We have some permutation A of [0, 1, ..., N - 1], where N is the length of A.
The number of (global) inversions is the number of i < j with 0 <= i < j < N and A[i] > A[j].
The number of local inversions is the number of i with 0 <= i < N and A[i] > A[i+1].
Return true if and only if the number of global inversions is equal to the number of local inversions.
Input: A = [1,0,2]
Output: true
Explanation: There is 1 global inversion, and 1 local inversion.
Input: A = [1,2,0]
Output: false
Explanation: There are 2 global inversions, and 1 local inversion.
A will be a permutation of [0, 1, ..., A.length - 1].
A will have length in range [1, 5000].
The time limit for this problem has been reduced.
Solutions (Click to expand)
According to the problem's definition of global and local inversions, an inversion happens when A[i] > A[j] or where j has to be i < j. For local inversions, j must be i + 1. For global inversions, j has to be i < j or j can be i < j < N.
This means that all local inversions are global inversions but not all global inversions are local inversions. If we want to make sure that all of our inversions are both global and local, we need to make sure that i and j are at most 1 position apart.
In a sorted array, there are no inversions. Switching the positions of two neighboring elements would cause one local and global inversion.
[0 1 2]
[1 0 2] // 1 and 0 are switched
[0 2 1] // 2 and 1 are switched
If we were to switch the positions of moved element with another element this would cause a global inversion but not a local inversion
[0 1 2]
[1 0 2] // A[0] and A[1] is a local and global inversion
[1 2 0] // A[1] and A[2] is a local and global inversion.
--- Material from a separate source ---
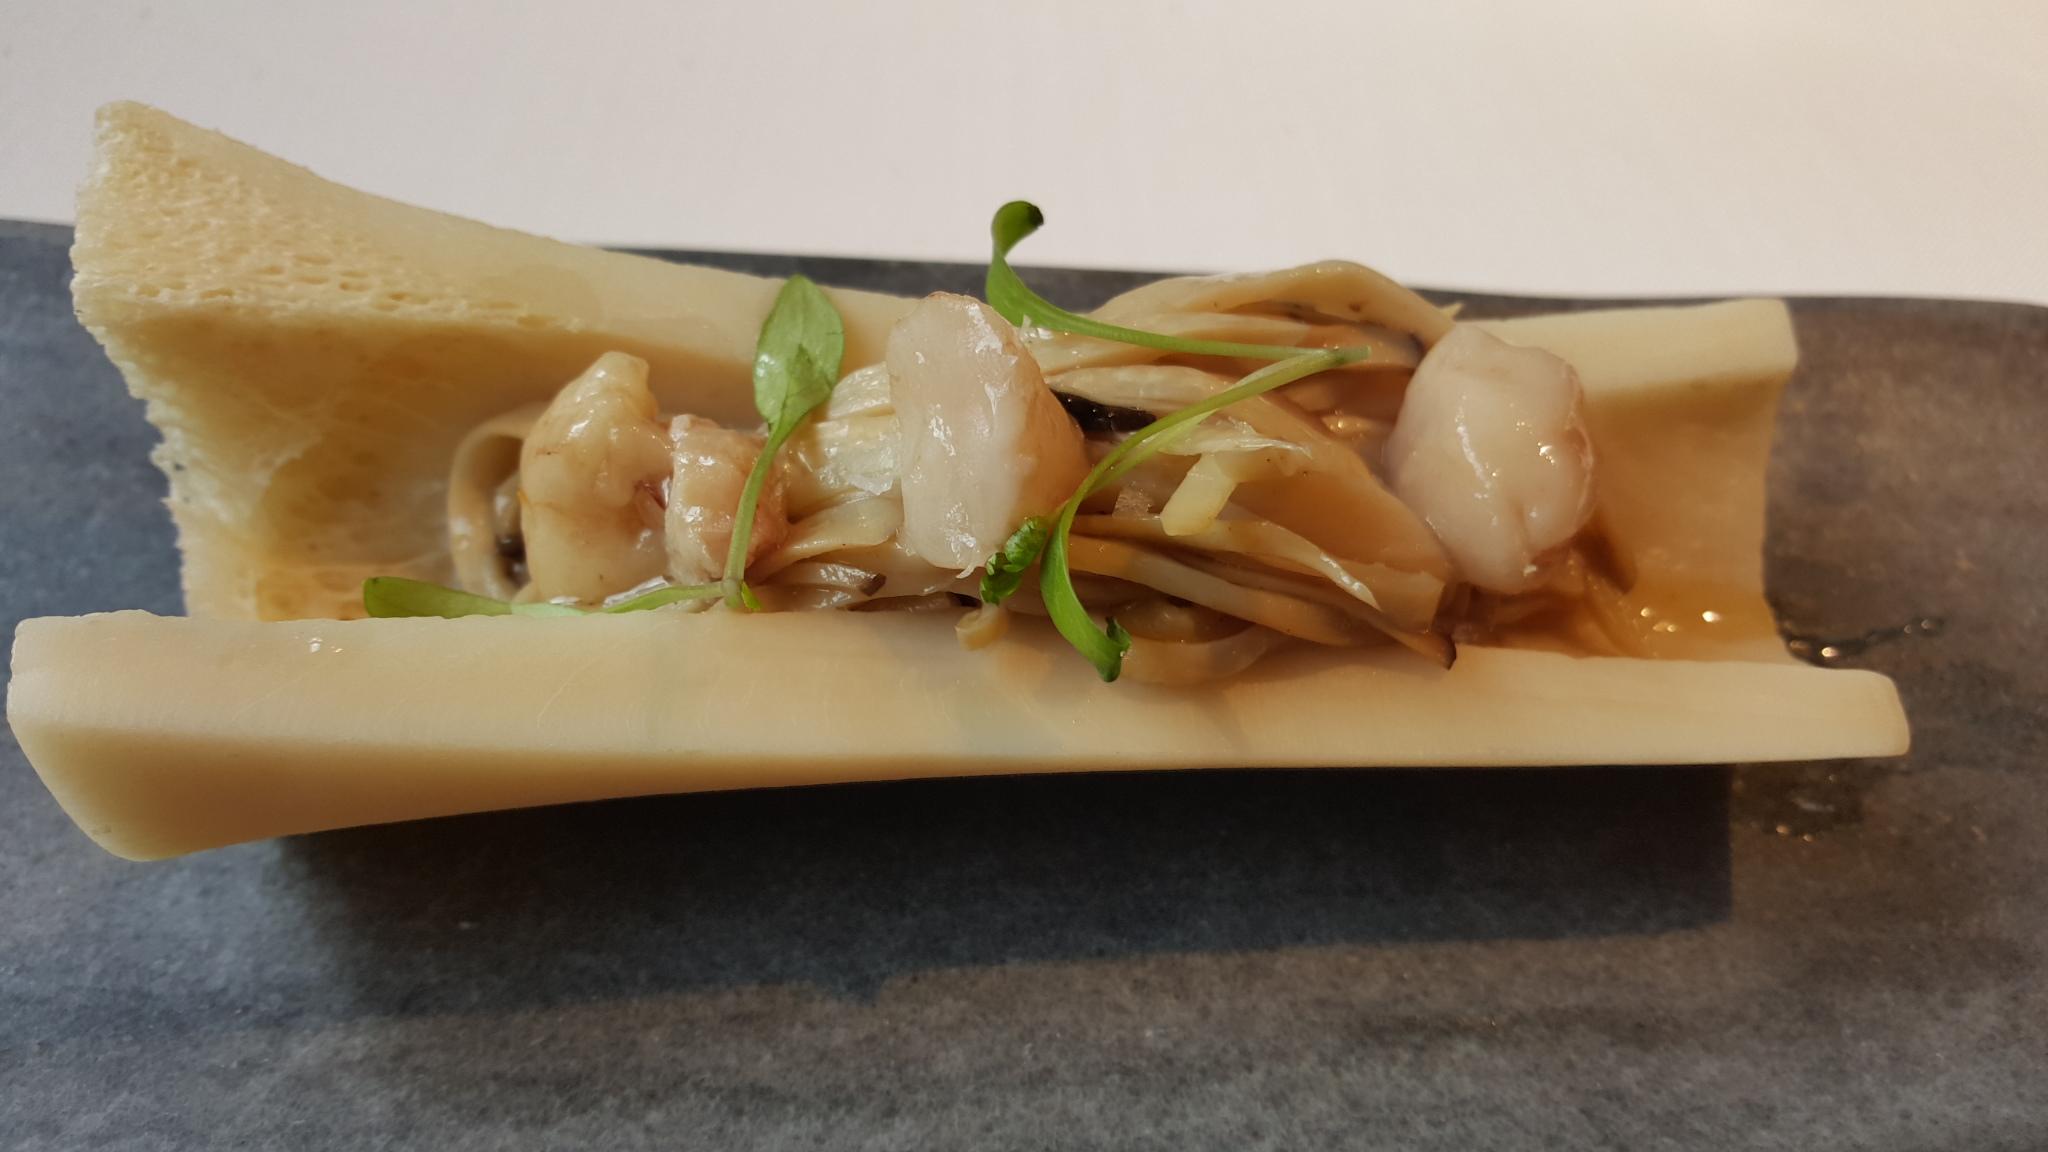 Restaurante Venta Moncalvillo Fideos de seta de chopo con tuétano y cilantro

A[0] and A[2] is a global inversion but not a local inversion
In order to make sure that all inversions in an array are local and global we need to make sure that the difference between A[i] and i cannot be more than 1. If the different between A[i] and i is more than 1 then we know that the array is out of order and there is at least one more global inversion than local inversion.
Since A is [0, 1, ..., N - 1], where N is the length of A, we can determine if there are more global inverions than local inversions if the difference between A[i] and i is more than one. If the difference between A[i] and i is less than -1 there are more global inversions than local inversions. If A[i] and i are the same, A[i] is not part of an inversion.
Time: O(N) Where N is the length of A
Space: O(1)